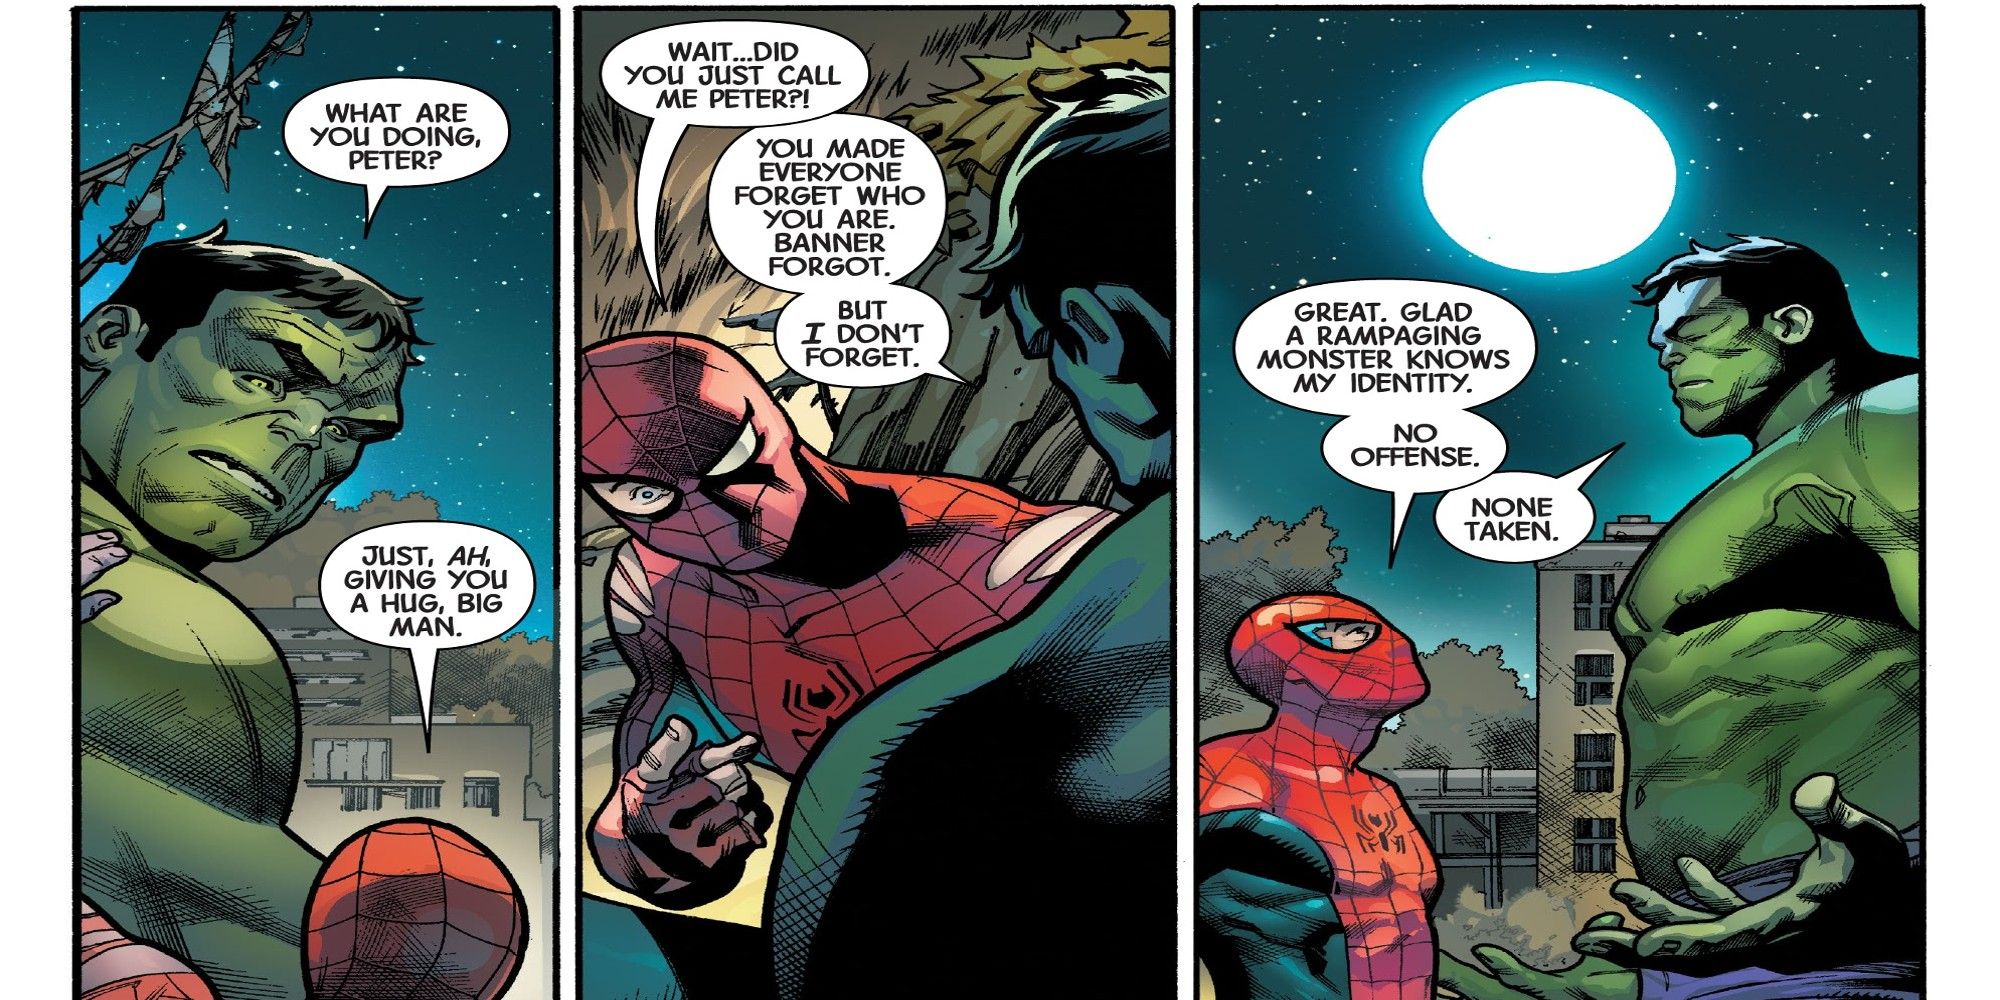 Immortal-Hulk-Knows-Spider-Man-Idenity
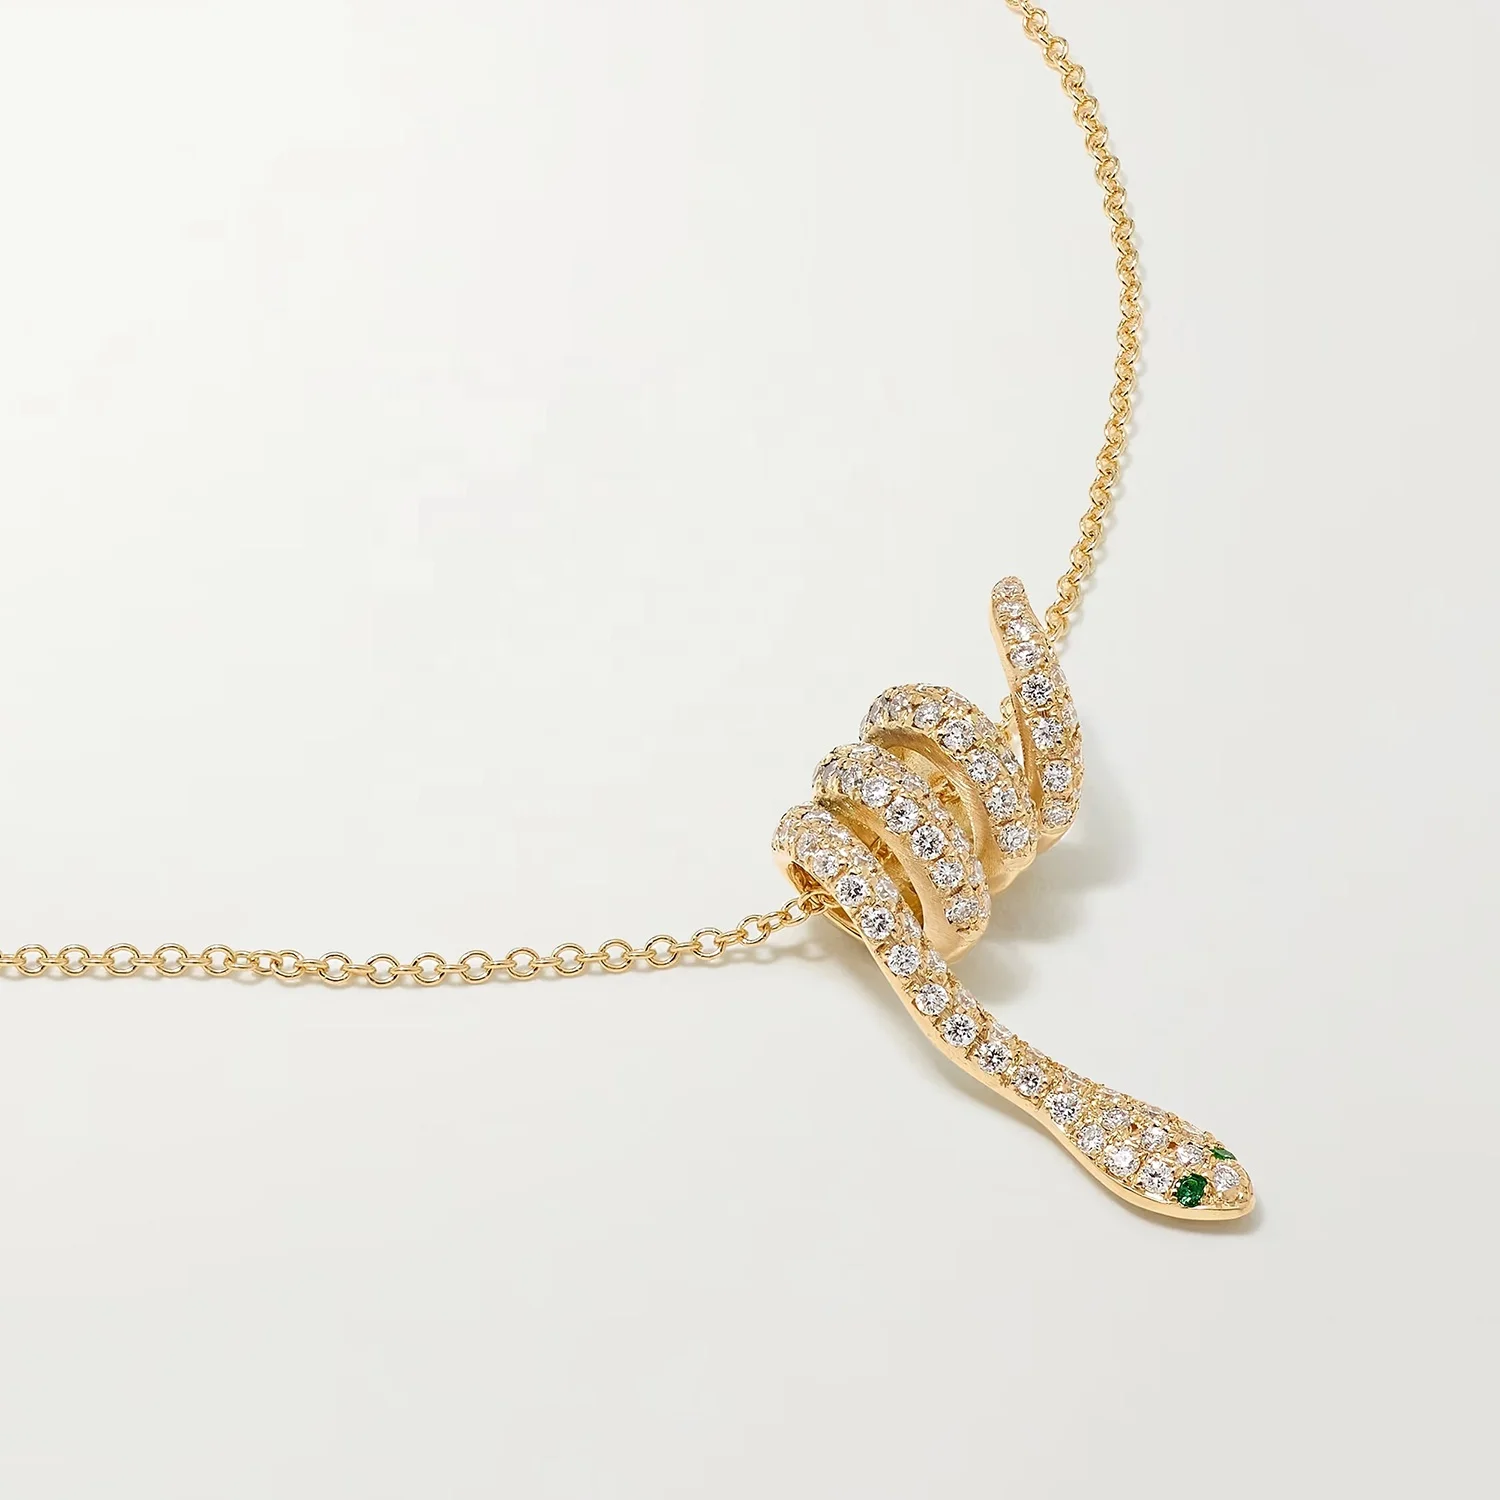 

LOZRUNVE Trendy Fashion Jewelry 18k Gold Plated Pave Snake Animal Pendant Necklace Silver 925
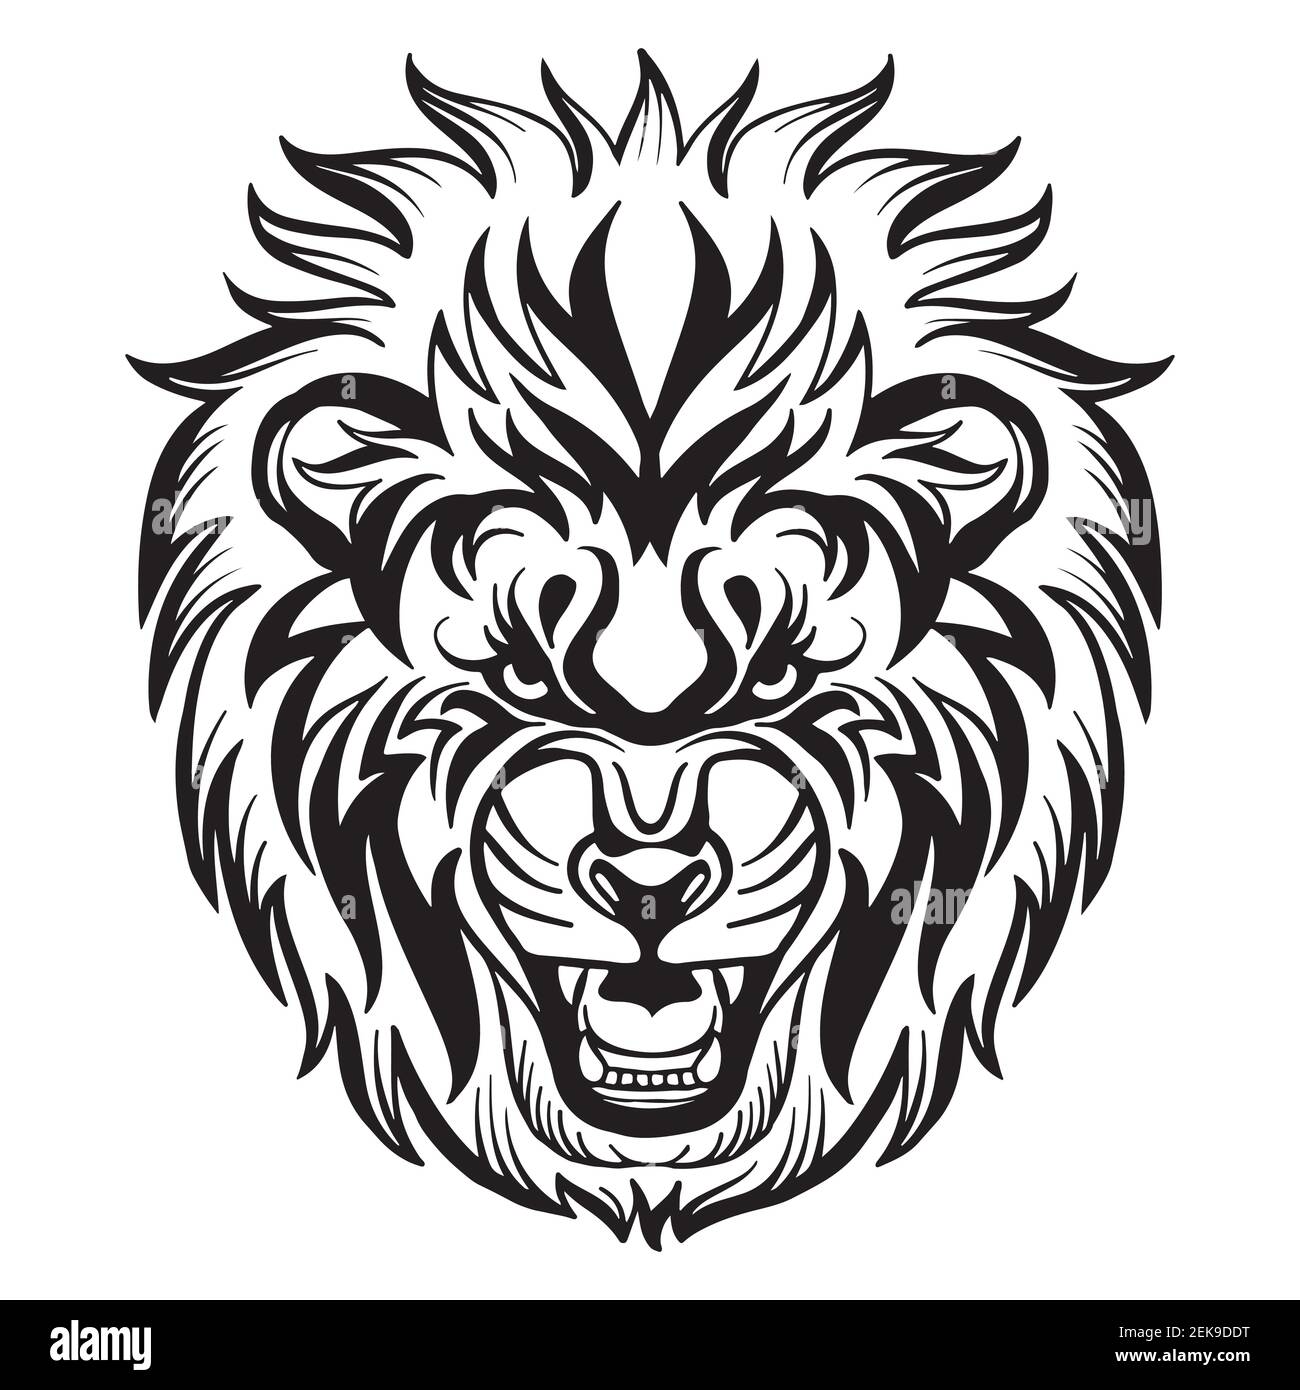 Mascot. Vector head of lion. Black illustration of danger wild cat isolated on white background. For decoration, print, design, logo, sport clubs, tat Stock Vector
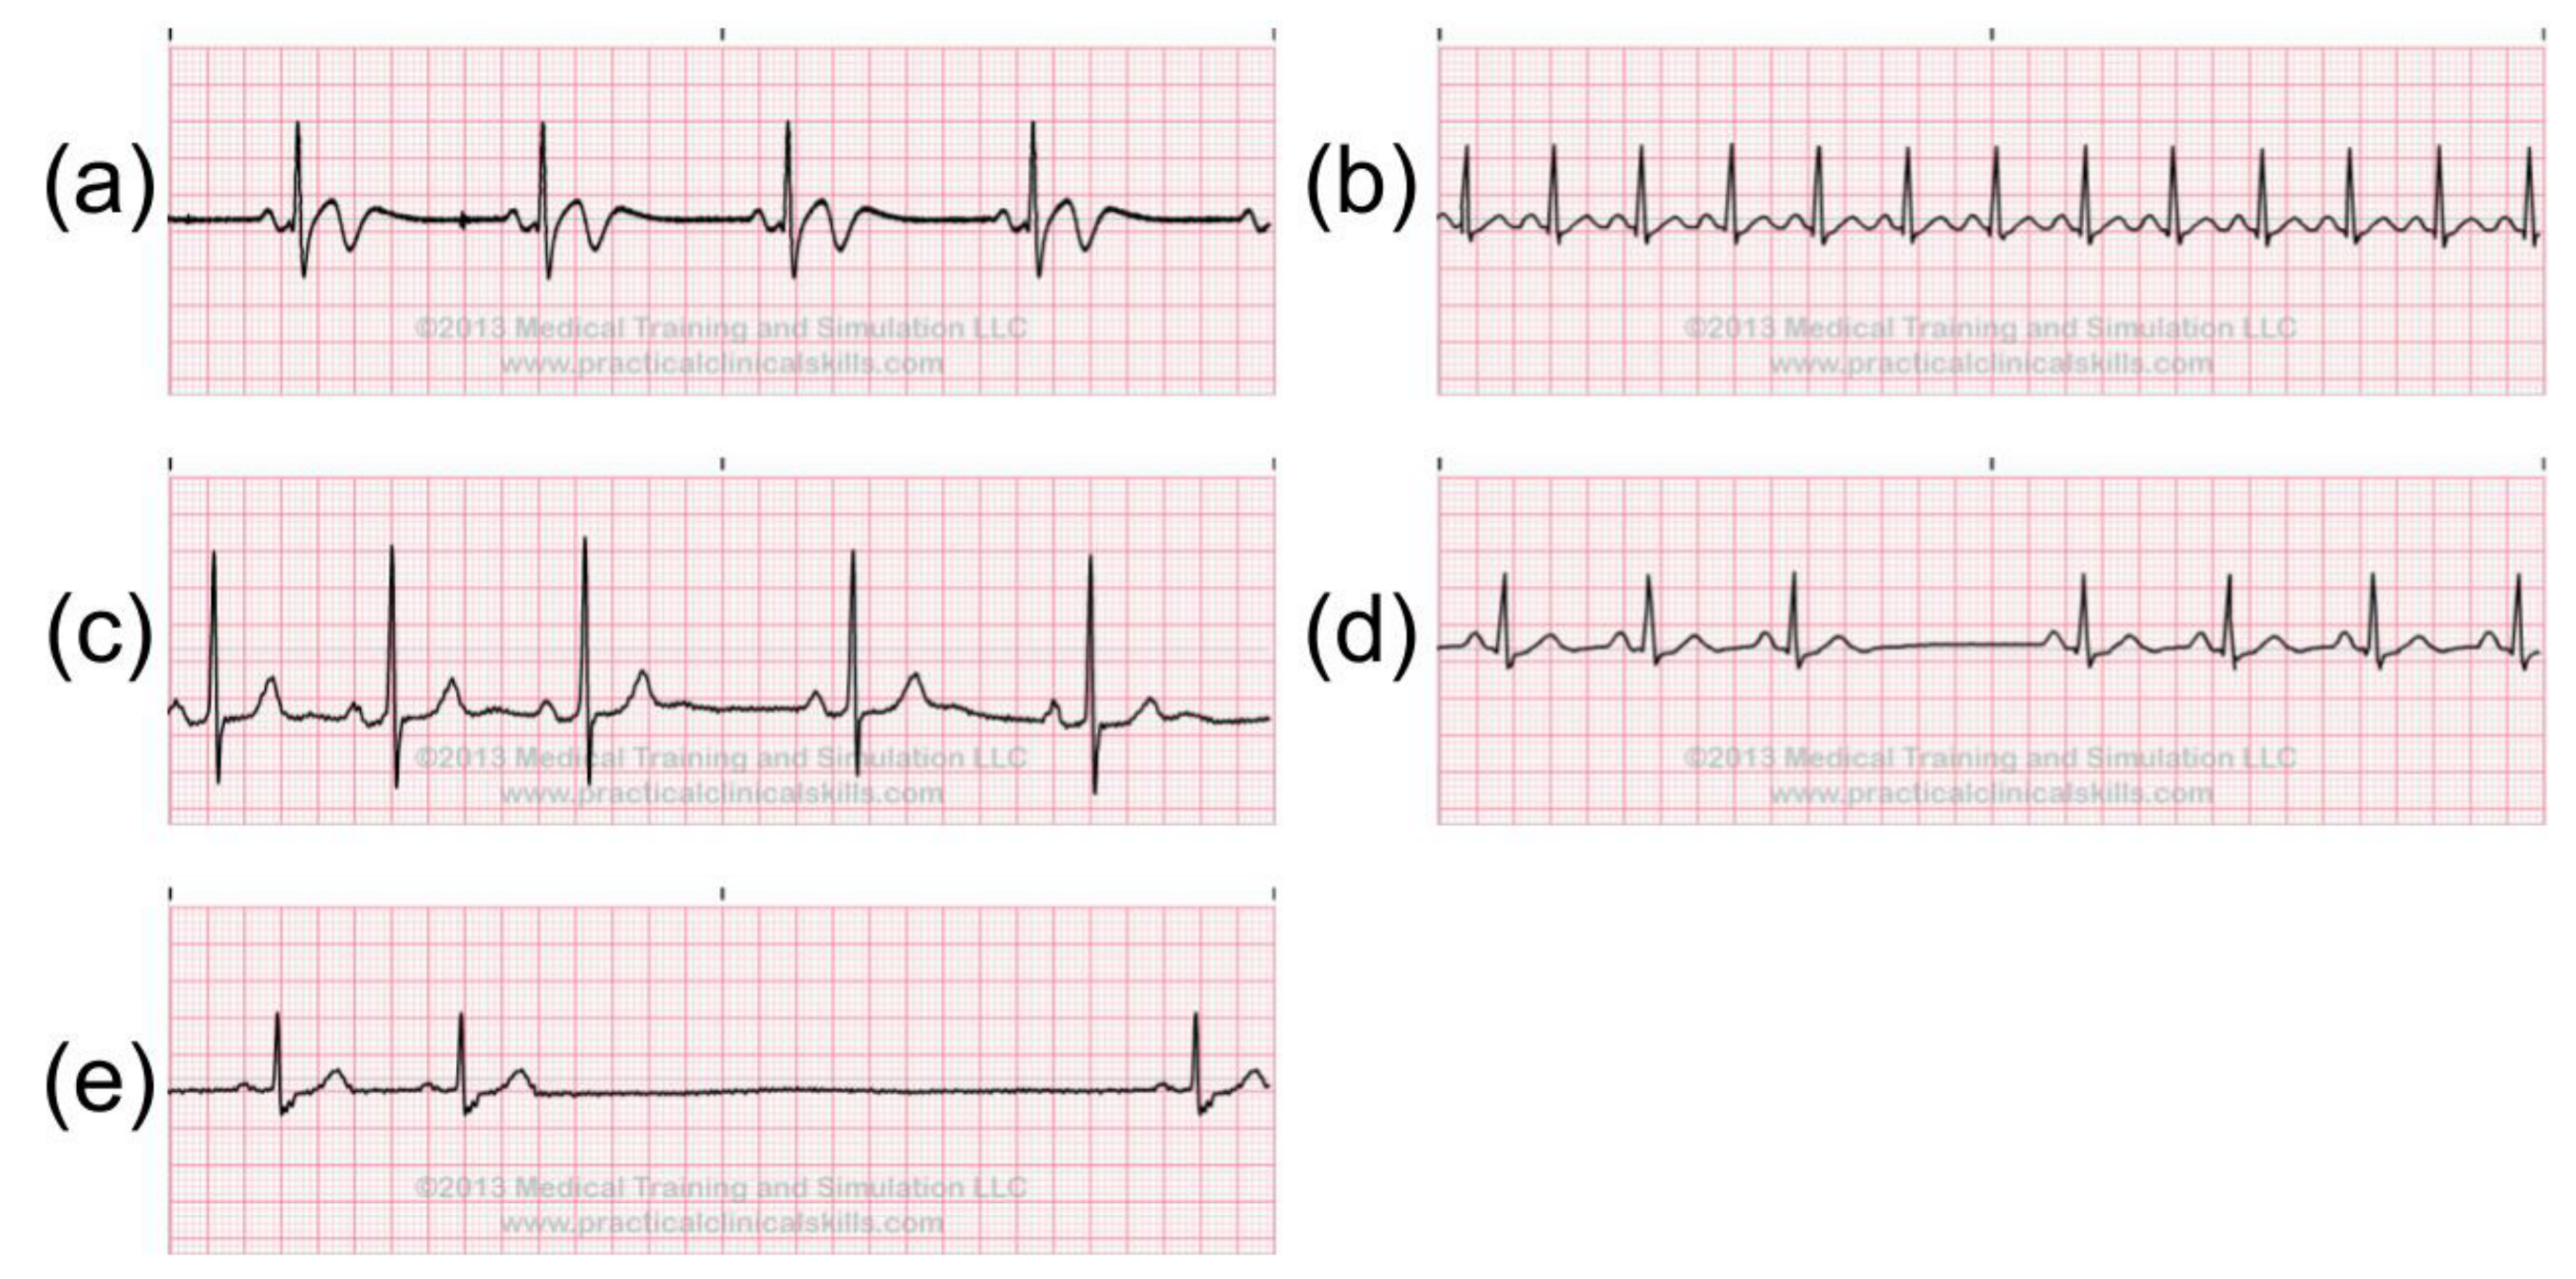 Sensors Free Full Text A Survey Of Heart Anomaly Detection Using Ambulatory Electrocardiogram Ecg Html

▶ [TO DO]: Exclude the images and reproduce the remaining data exactly.

▶ [TASK SOLUTION]:
 Immortal-Hulk-Knows-Spider-Man-Idenity

LOZRUNVE Trendy Fashion Jewelry 18k Gold Plated Pave Snake Animal Pendant Necklace Silver 925
 Mascot. Vector head of lion. Black illustration of danger wild cat isolated on white background. For decoration, print, design, logo, sport clubs, tat Stock Vector
 Sensors Free Full Text A Survey Of Heart Anomaly Detection Using Ambulatory Electrocardiogram Ecg Html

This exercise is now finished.